---- EXTRACTED INFORMATION

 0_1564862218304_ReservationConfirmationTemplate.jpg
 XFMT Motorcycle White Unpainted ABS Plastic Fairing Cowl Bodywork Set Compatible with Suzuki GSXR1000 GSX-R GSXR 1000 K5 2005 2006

--------
---- EXTRACTED INFORMATION

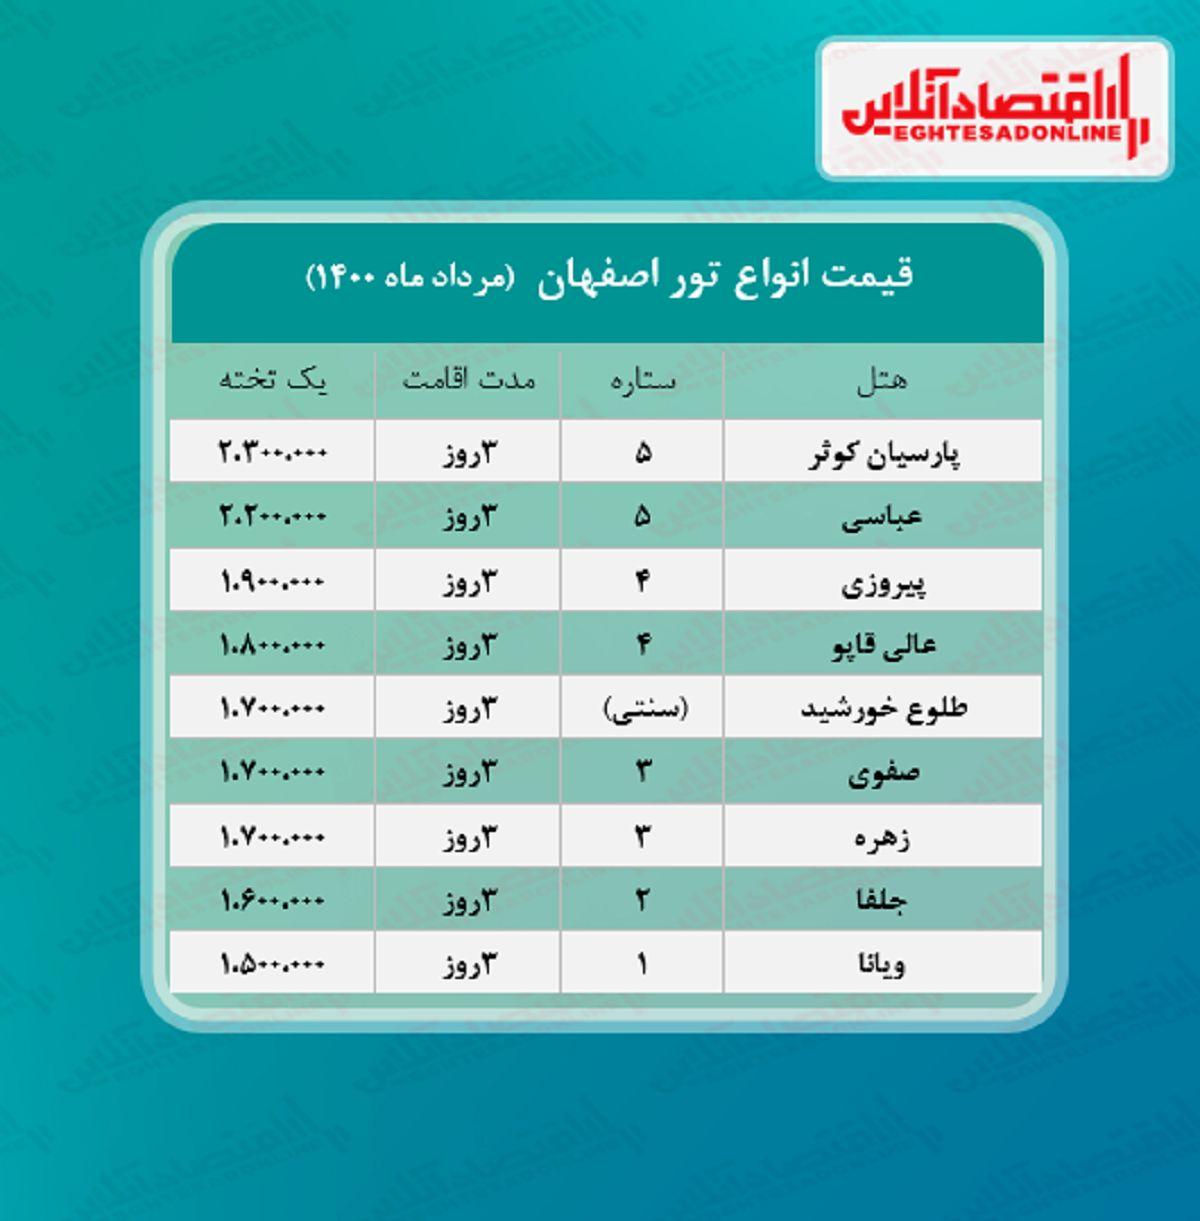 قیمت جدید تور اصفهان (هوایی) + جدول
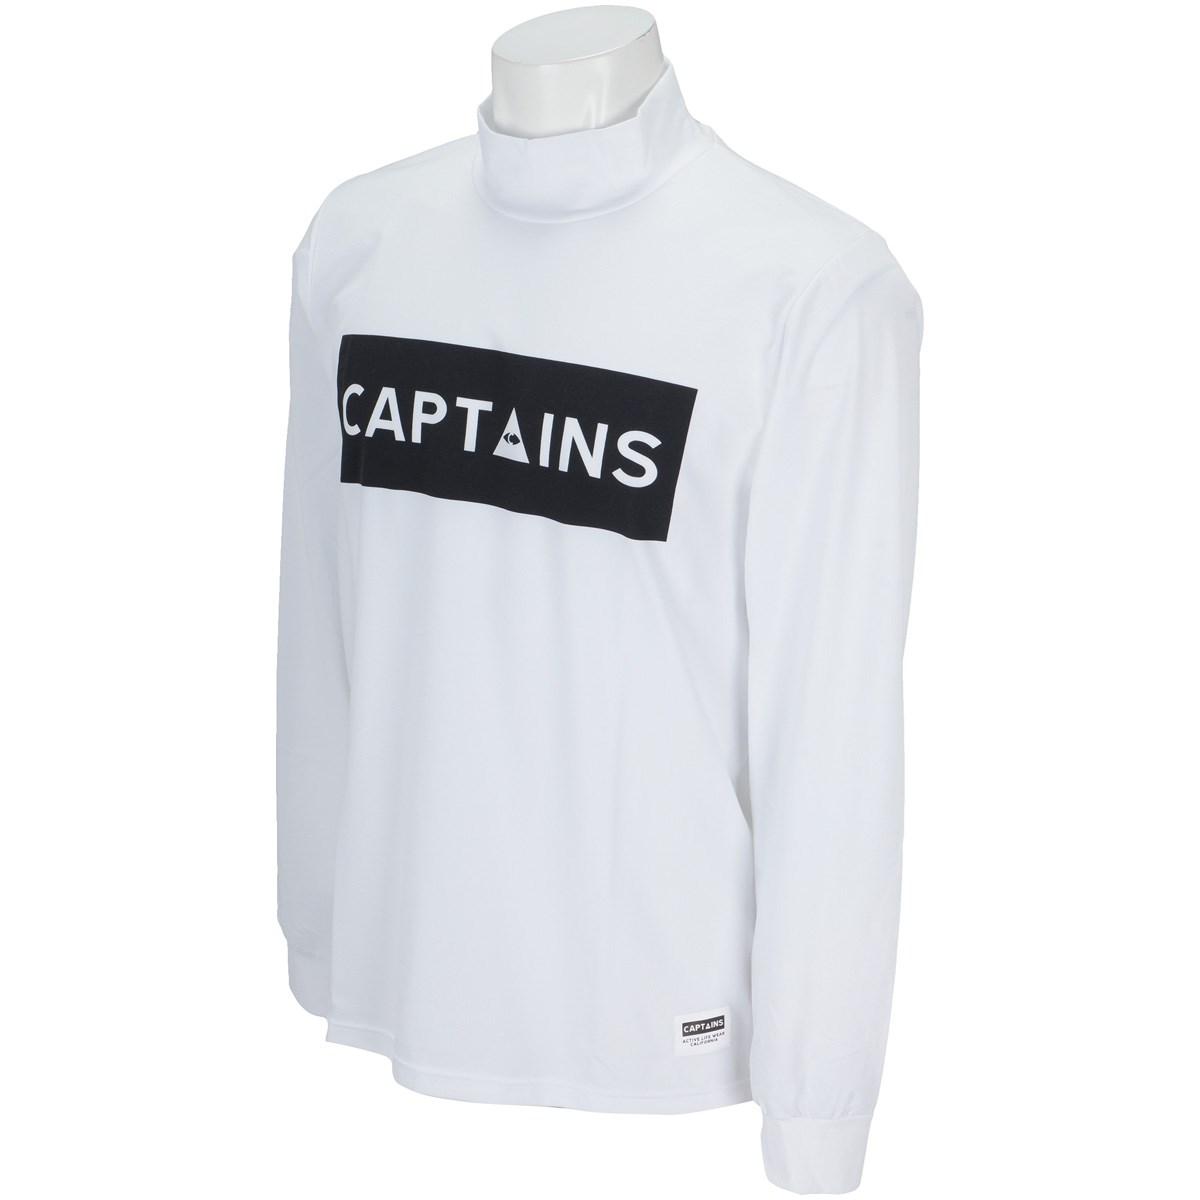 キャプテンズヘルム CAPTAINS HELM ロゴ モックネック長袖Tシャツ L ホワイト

--------

From the line that has "0_1564862218304_ReservationConfirmationTemplate.jpg" through the line that has "XFMT Motorcycle White", copy every line exactly as it appears above, and leave out all others.

RESULT OF THE EXERCISE >>
 0_1564862218304_ReservationConfirmationTemplate.jpg
 XFMT Motorcycle White Unpainted ABS Plastic Fairing Cowl Bodywork Set Compatible with Suzuki GSXR1000 GSX-R GSXR 1000 K5 2005 2006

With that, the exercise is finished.